PROBLEM TO SOLVE => Exactly reproduce the lines from the line bearing "Minimalist Typography Vector" through the end of the listing, inclusive of both; pictures are to be omitted.

RAW DATA =>

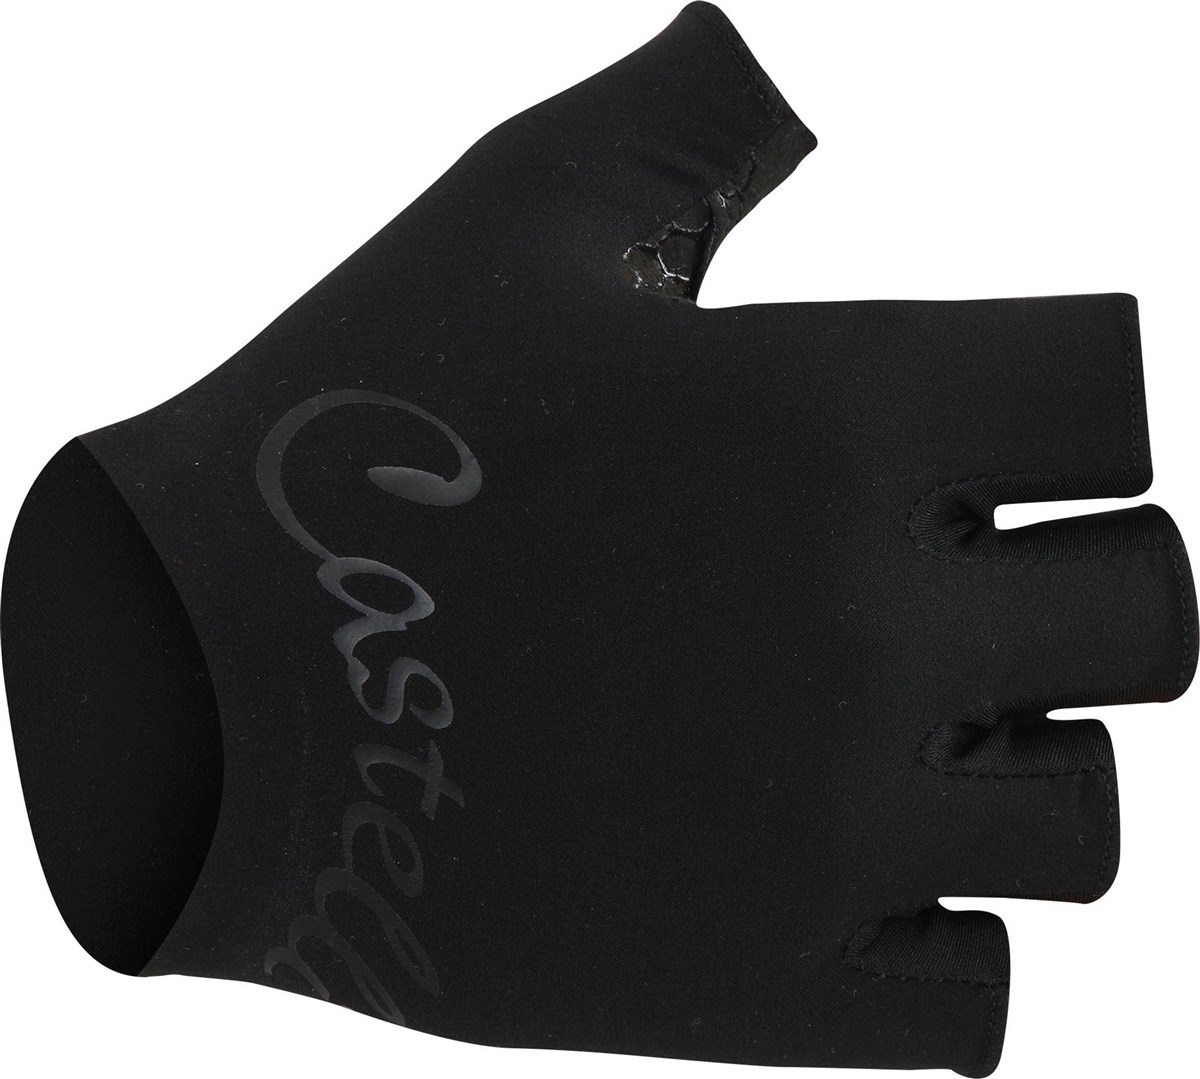 Castelli Secondapelle RC Womens Short Finger Cycling Gloves SS17
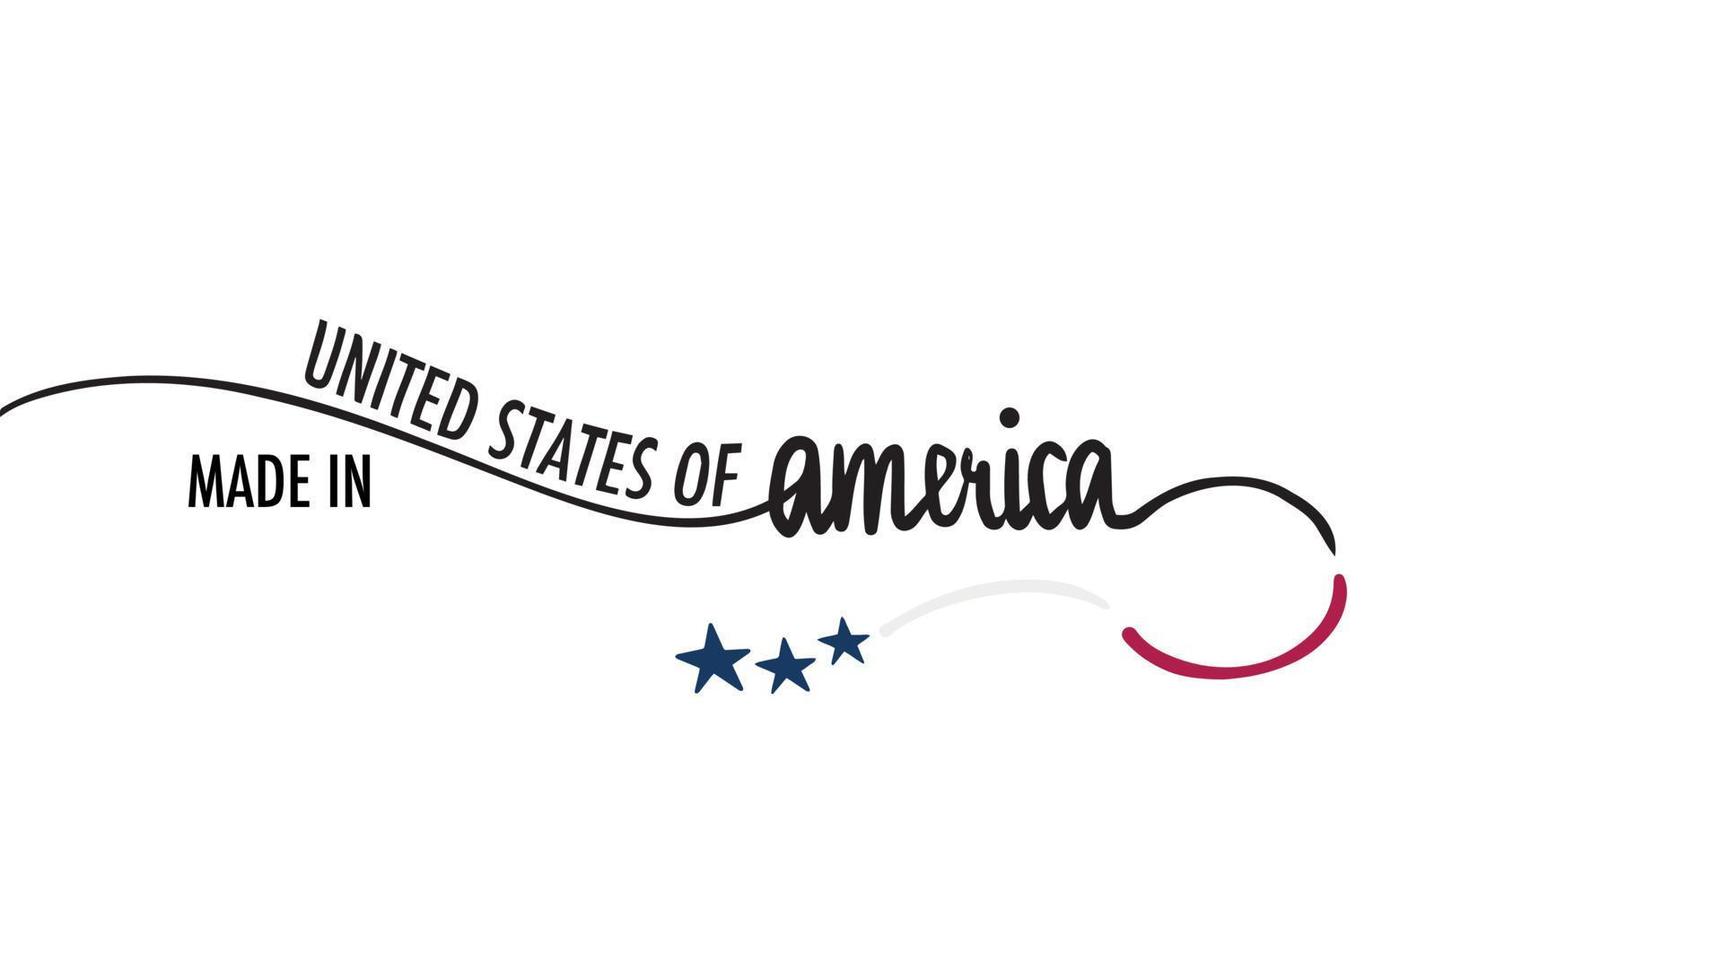 Minimalist Typography Vector Illustration of Made In United States of America
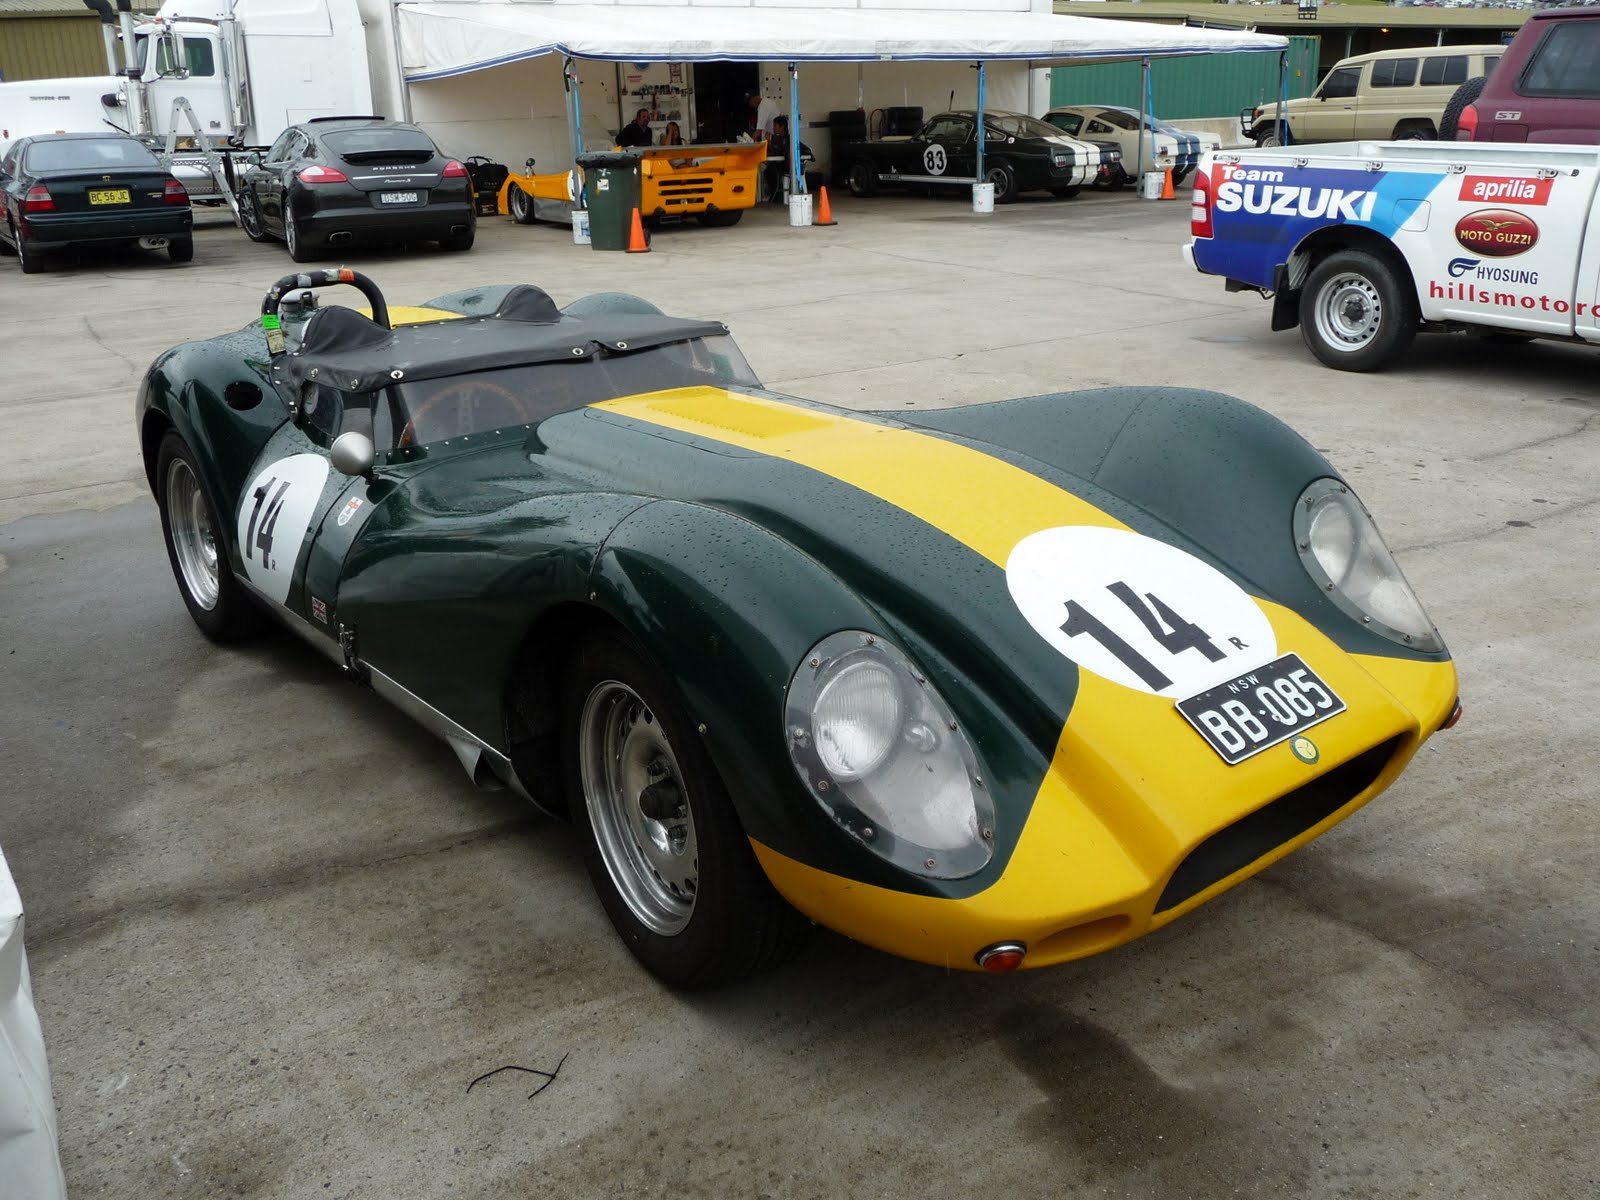 The Classic Lister Knobbly - Very Fast And Very British

WRITTEN SOLUTION =>
 Minimalist Typography Vector Illustration of Made In United States of America
 The Classic Lister Knobbly - Very Fast And Very British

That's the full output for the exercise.